Since the integrand is always nonnegative, Fubini's/Tonelli's theorem says that we can switch the order of integration. That's why I initially integrated by parts.

$ \displaystyle = \int_{0}^{\infty} \int_{0}^{\infty} t (1- \cos x) e^{-tx} \ dx \ dt = \int_{0}^{\infty} t \Big( \frac{1}{t} - \frac{t}{1+t^{2}} \Big) \ dt$

$ \displaystyle = \int_{0}^{\infty} \frac{1}{1+t^{2}} \ dt = \frac{\pi}{2}$

 

[I like Serena]

Lots of things look different while they are actually the same. Finding the connection is not so easy, though .
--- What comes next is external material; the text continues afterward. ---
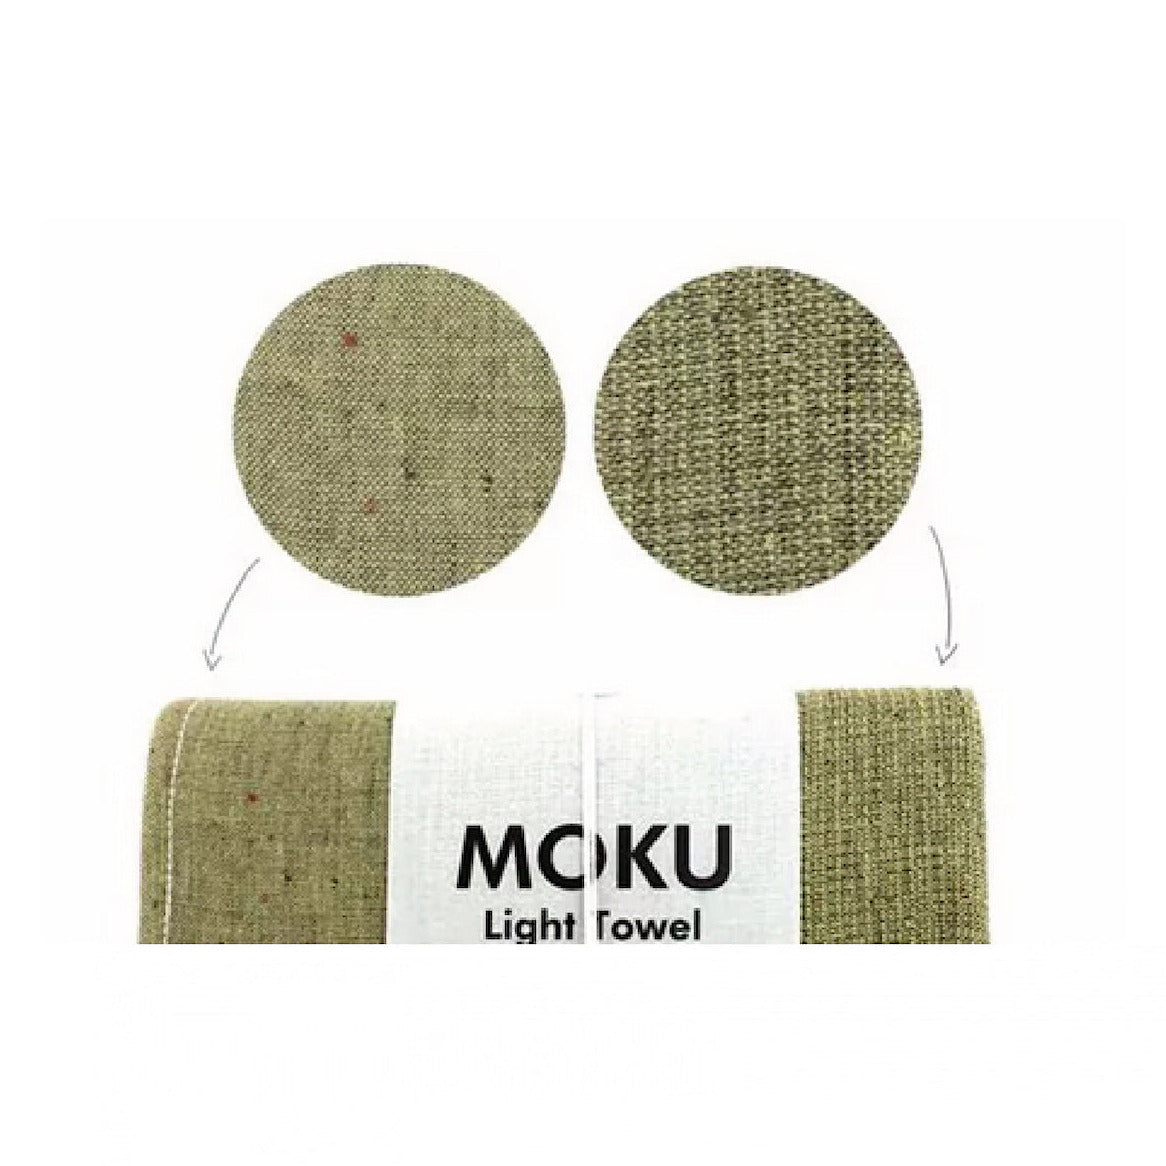 Moku M | Baumwoll-Handtuch von Kontex | 33 x 100cm | Made in Japan

I guess the trick is in understanding how the Laplace transform works.
Once you learn how to apply it in its integral form, your derivation pops out.
As for the Fourier transform, I have to admit that it's not so nice to look up a transform.
On the other hand, it's really easy to deduce the inverse transform of the rectangle function:
$$\mathcal F^{-1}\{\text{rect } \xi\}(x) = \int_{-\infty}^\infty \text{rect } \xi \ e^{2\pi i \xi x} d\xi = \int_{-1/2}^{1/2} e^{2\pi i \xi x} d\xi = \left. \frac 1 {2\pi i x} e^{2\pi i \xi x} \right|_{-1/2}^{1/2} = \frac 1 {2i \pi x}(e^{i \pi x} - e^{-i \pi x}) = \text{sinc x}$$

So that makes the Fourier transform solution still pretty easy and really different (that is, no derivative involved).

- - - Updated - - -

$ \displaystyle = \int_{0}^{\infty} \int_{0}^{\infty} (1- \cos x) te^{-xt} \ dt \ dx $

Where did that new integral come from?
It looks suspiciously like a Laplace transform.

 

[polygamma]

Where did that new integral come from?
It looks suspiciously like a Laplace transform.

I just expressed the integral as an iterated integral by using the Laplace transform $ \displaystyle \int_{0}^{\infty} t e^{-xt} \ dt = \frac{1}{x^{2}}$.

In general, $\displaystyle \int_{0}^{\infty} t^{n} e^{-xt} \ dt = \frac{n!}{x^{n+1}}$.

A lot of integrals can be evaluated in this manner.